3 tablespoons unsalted butter
2 medium carrots or 8 ounces butternut squash, peeled and chopped into 1/2-inch pieces (about 1 cup)
1 medium leek, trimmed, white and pale green portion halved lengthwise and thinly sliced (about 1 cup)
2 medium celery stalks, peeled and sliced 1/2-inch thick (about 2/3 cup)

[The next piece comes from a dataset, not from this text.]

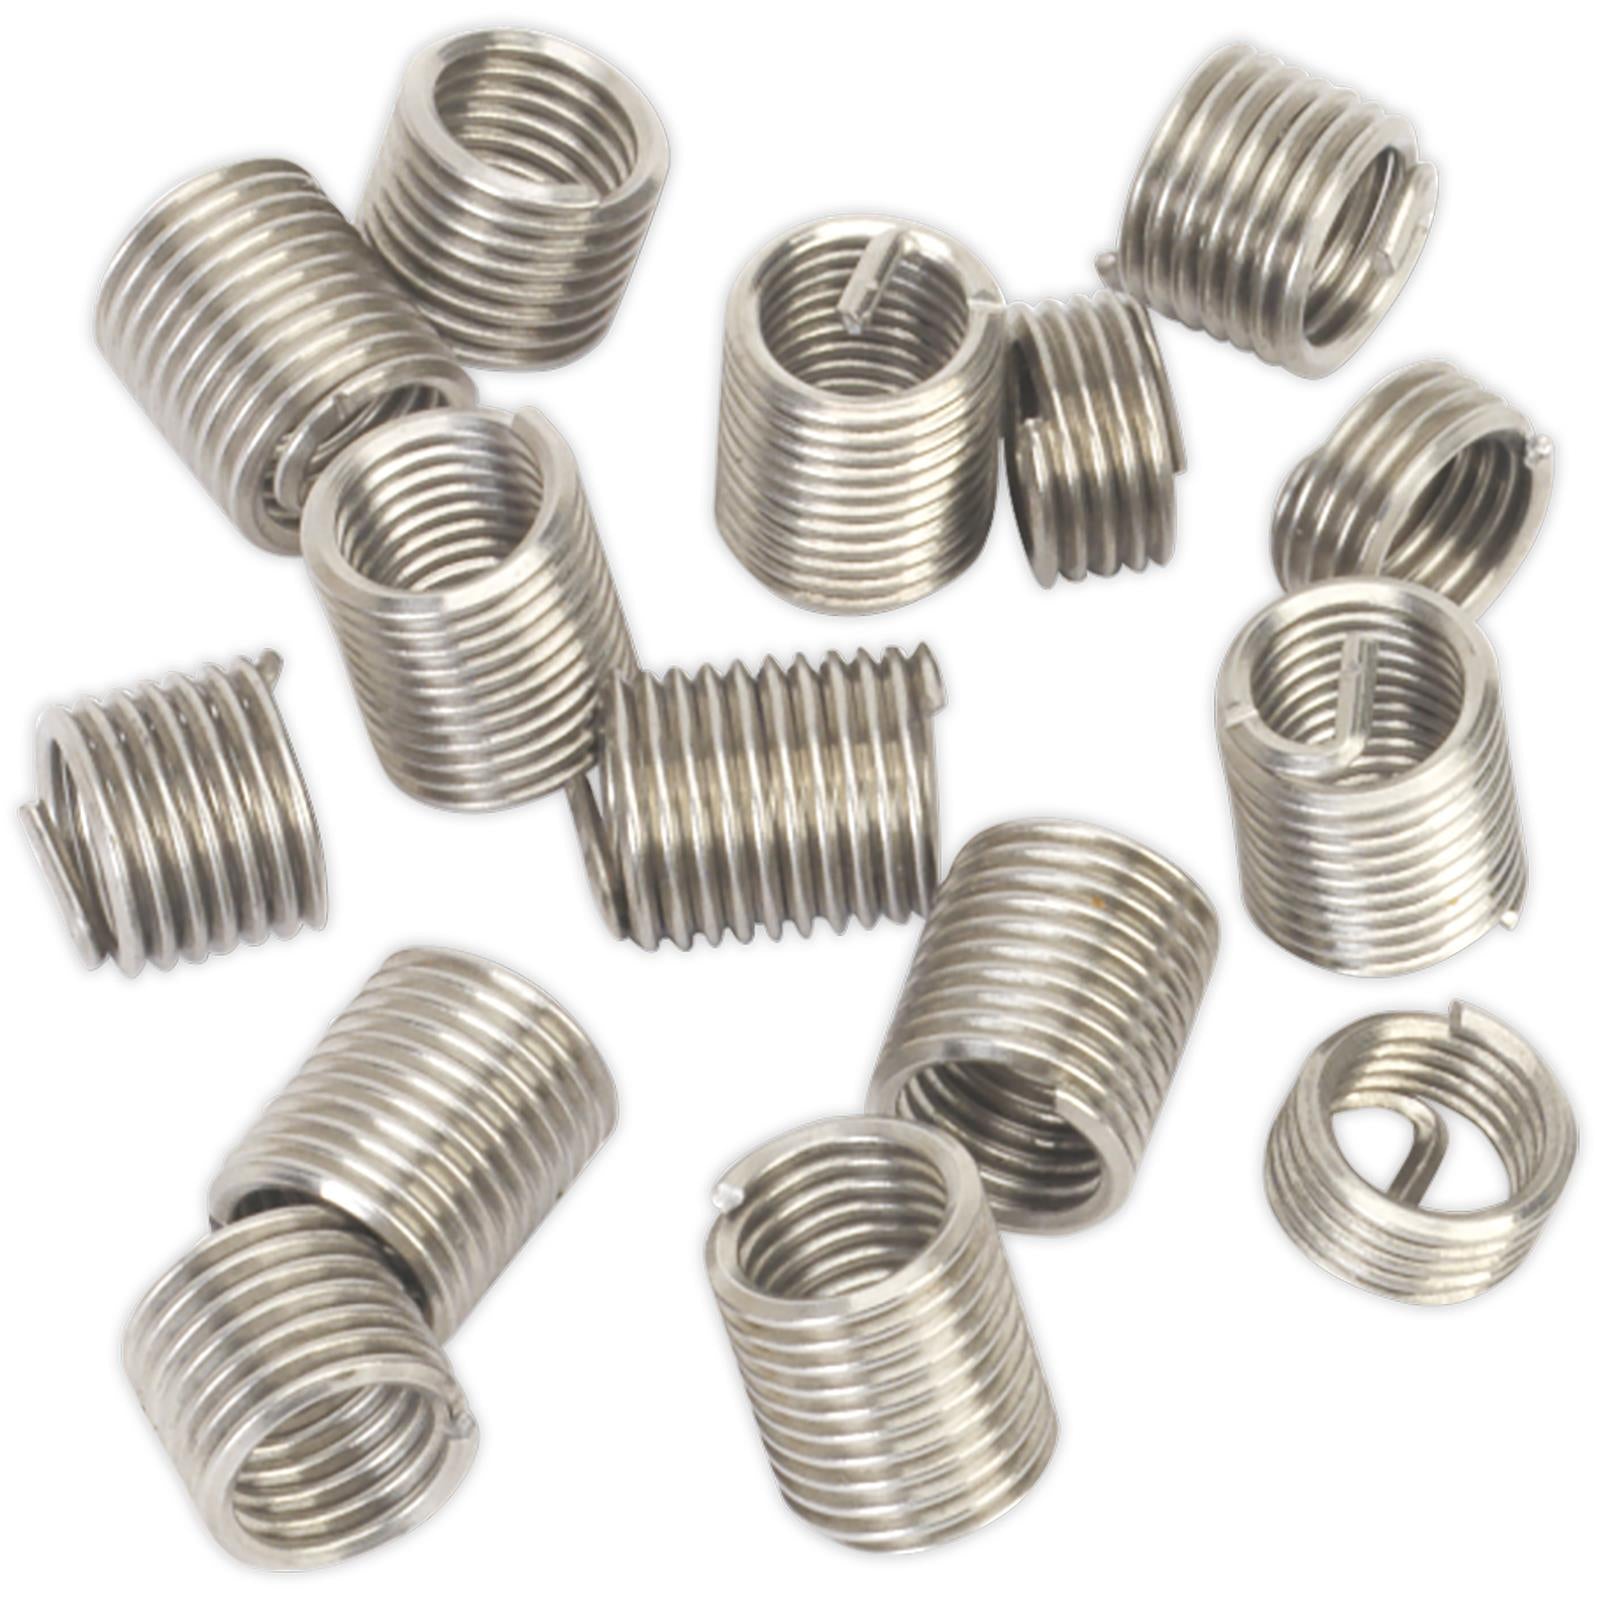 Sealey Thread Insert M10 x 1.5mm for TRM10 Threaded Inserts Helicoil 10 Pack

3 garlic cloves, finely chopped
1 tablespoon finely chopped fresh rosemary
2 teaspoons fresh thyme leaves
1 teaspoon poultry seasoning (optional)
Kosher salt and black pepper
3 tablespoons all-purpose flour
5 cups chicken stock
1 cup heavy cream
1 (16-ounce) package fresh or shelf-stable store-bought gnocchi
1/2 small (3-pound) store-bought rotisserie chicken, skin and bones discarded, meat torn into bite-size pieces (about 2 cups shredded meat)
Fresh tarragon, parsley or dill, for garnish

Steps:

  • In a large pot, melt the butter over medium. Add the carrots, leek, celery, garlic, rosemary, thyme and poultry seasoning, if using. Season generously with salt and pepper, and cook, stirring occasionally, until vegetables are slightly softened, about 5 minutes.
  • Sprinkle with the flour, then cook, stirring, 2 minutes. (This cooks the flour to soften its raw flavor.) Gradually stir in the stock and cream, and bring to a boil over high heat.
  • Once the mixture boils, stir in the gnocchi, reduce the heat to medium and cook until gnocchi and vegetables are tender, about 5 minutes. Stir in the chicken in the last couple of minutes. Season to taste with salt and pepper. Divide among bowls and top with fresh tarragon and more black pepper, if desired.